**AVAILABLE DATA:**

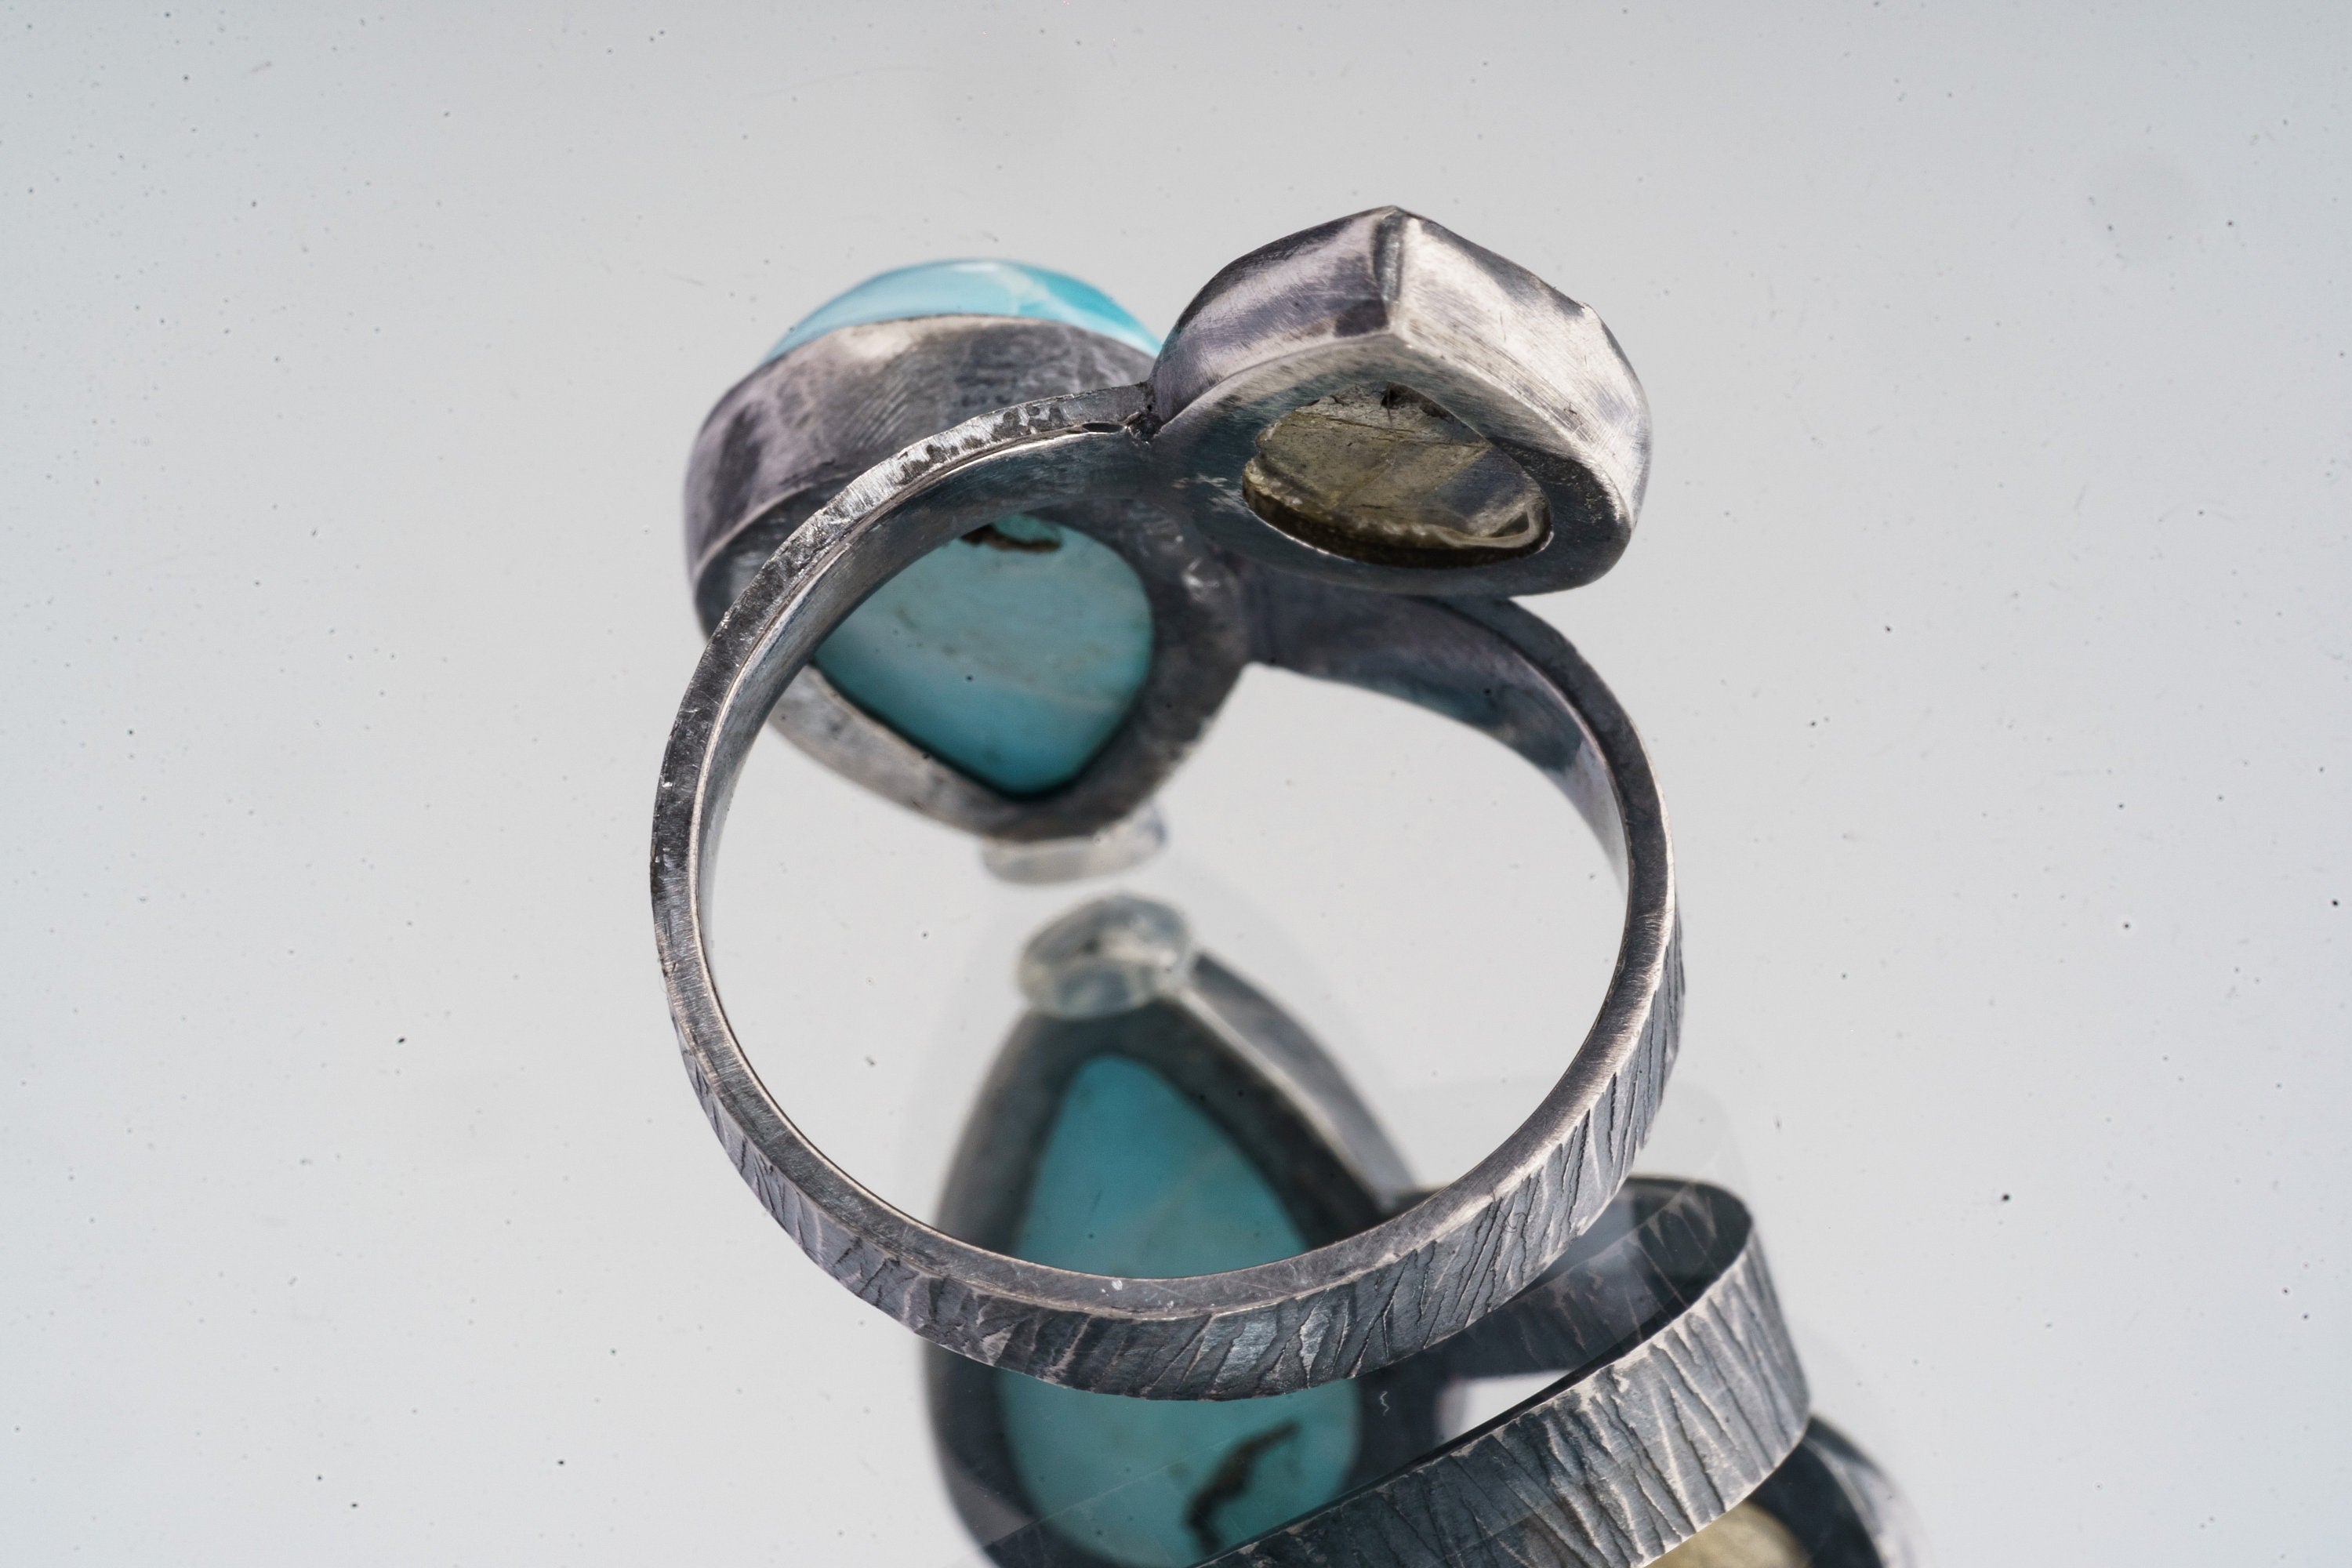 Harmonic Duo - Teardrop Labradorite and Larimar - Unisex - Size 4-10 US - Large Adjustable Sterling Silver Ring
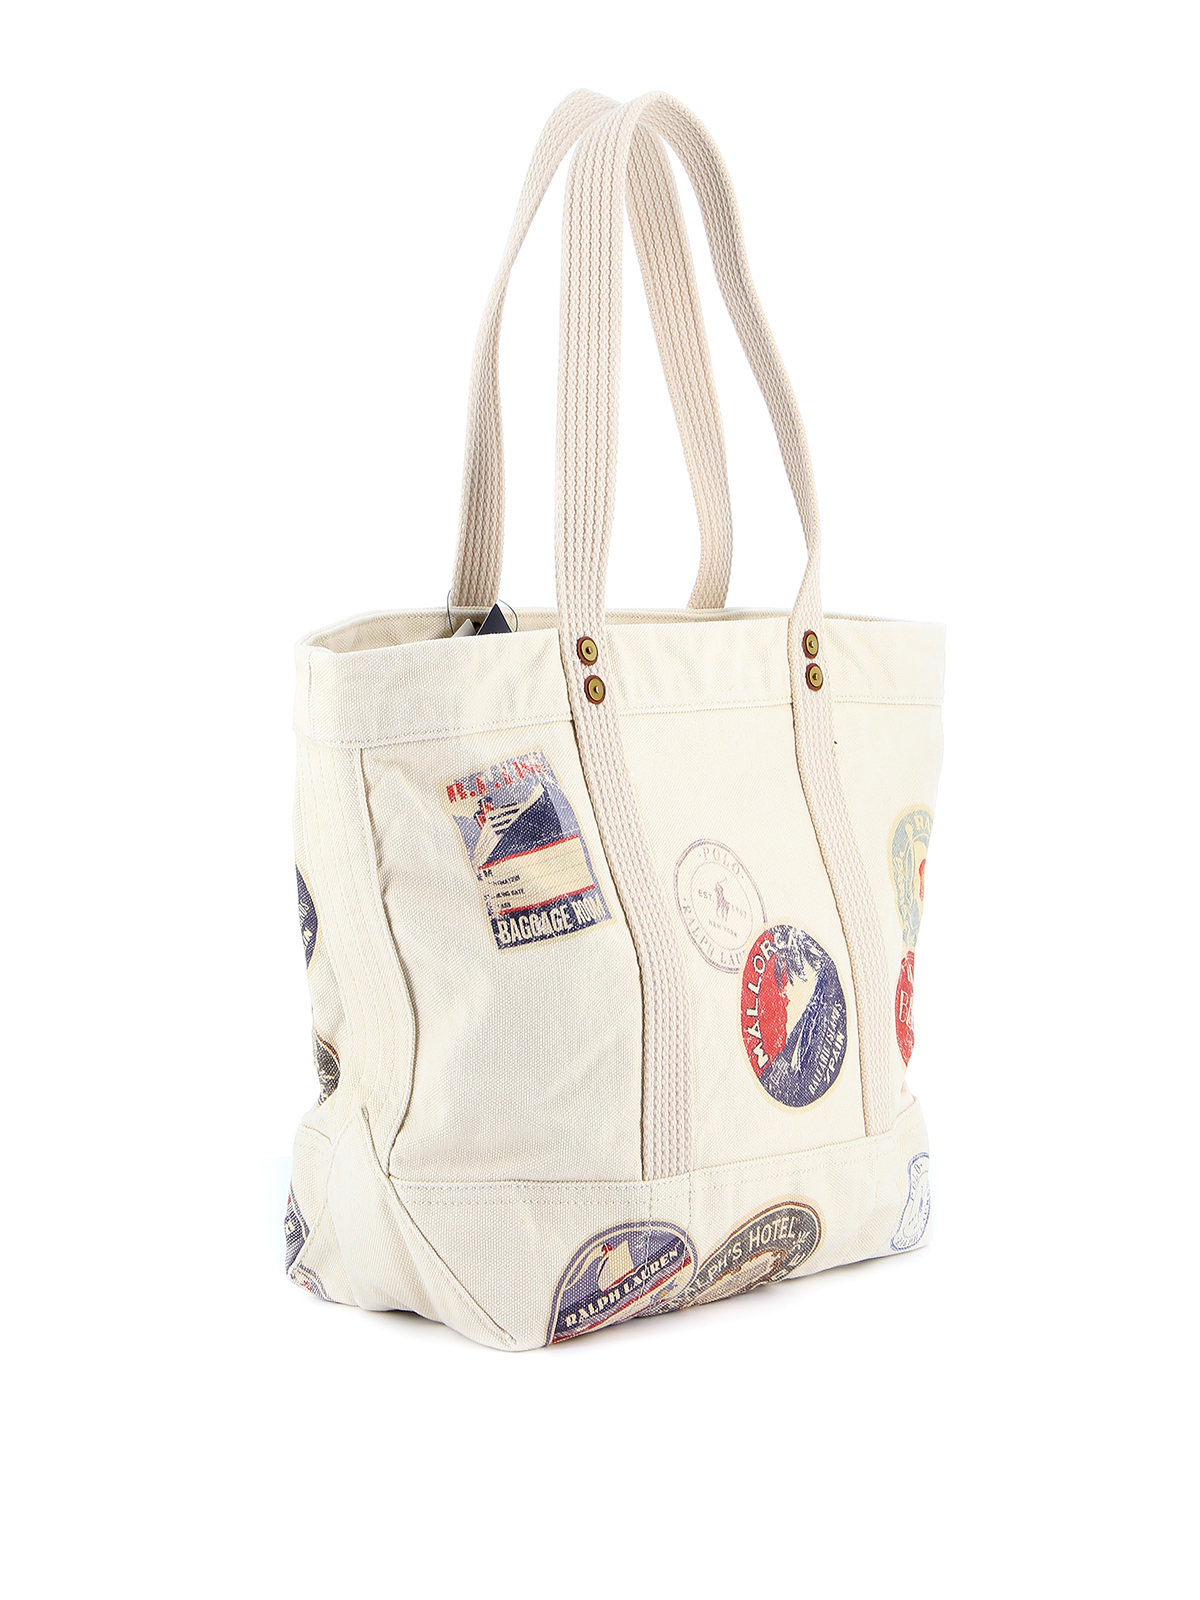 ergens Onaangenaam Acht Totes bags Polo Ralph Lauren - Printed cotton shopping bag - 428783372001
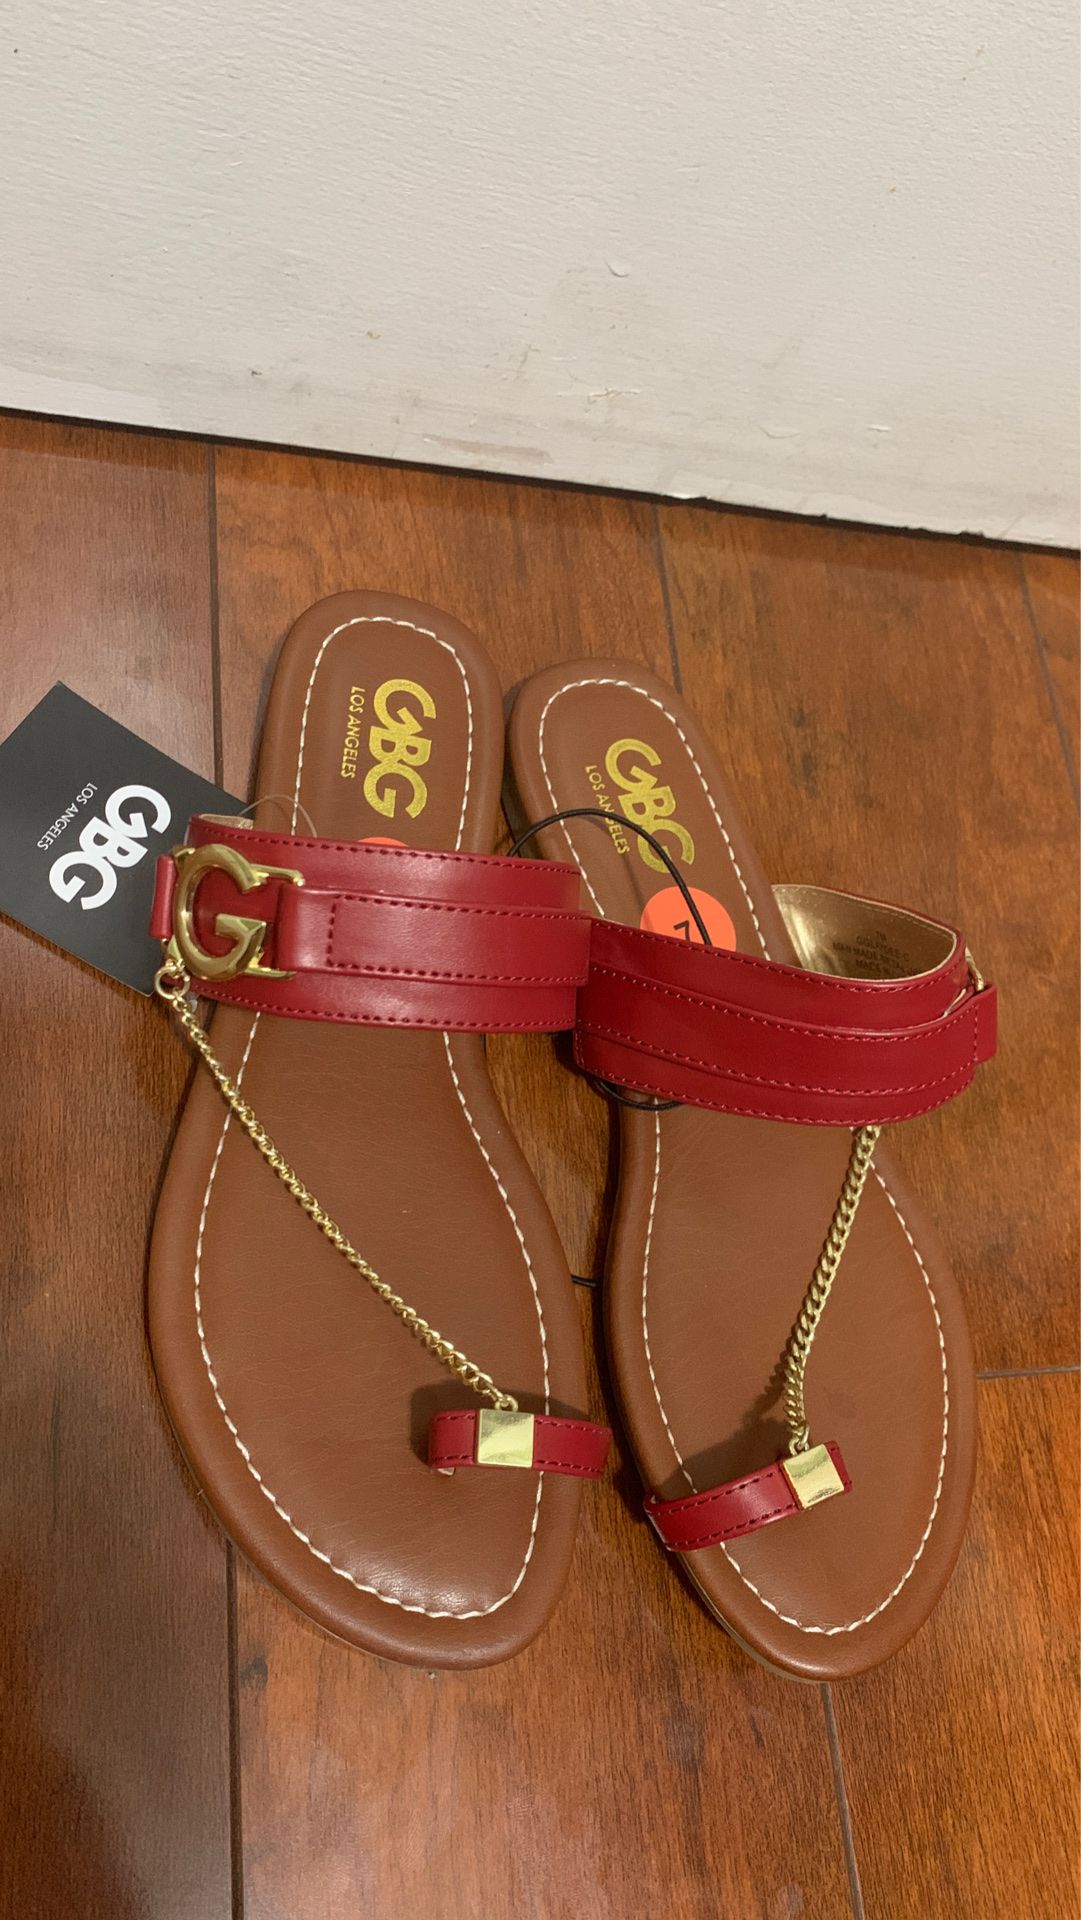 GBG sandals 👡 size 7

**WHAT THE EXERCISE ASKS:**
Only the pictures should be left out; the rest of the material above must be repeated exactly.

**SOLUTION BELOW:**
 Harmonic Duo - Teardrop Labradorite and Larimar - Unisex - Size 4-10 US - Large Adjustable Sterling Silver Ring
 ergens Onaangenaam Acht Totes bags Polo Ralph Lauren - Printed cotton shopping bag - 428783372001
 GBG sandals 👡 size 7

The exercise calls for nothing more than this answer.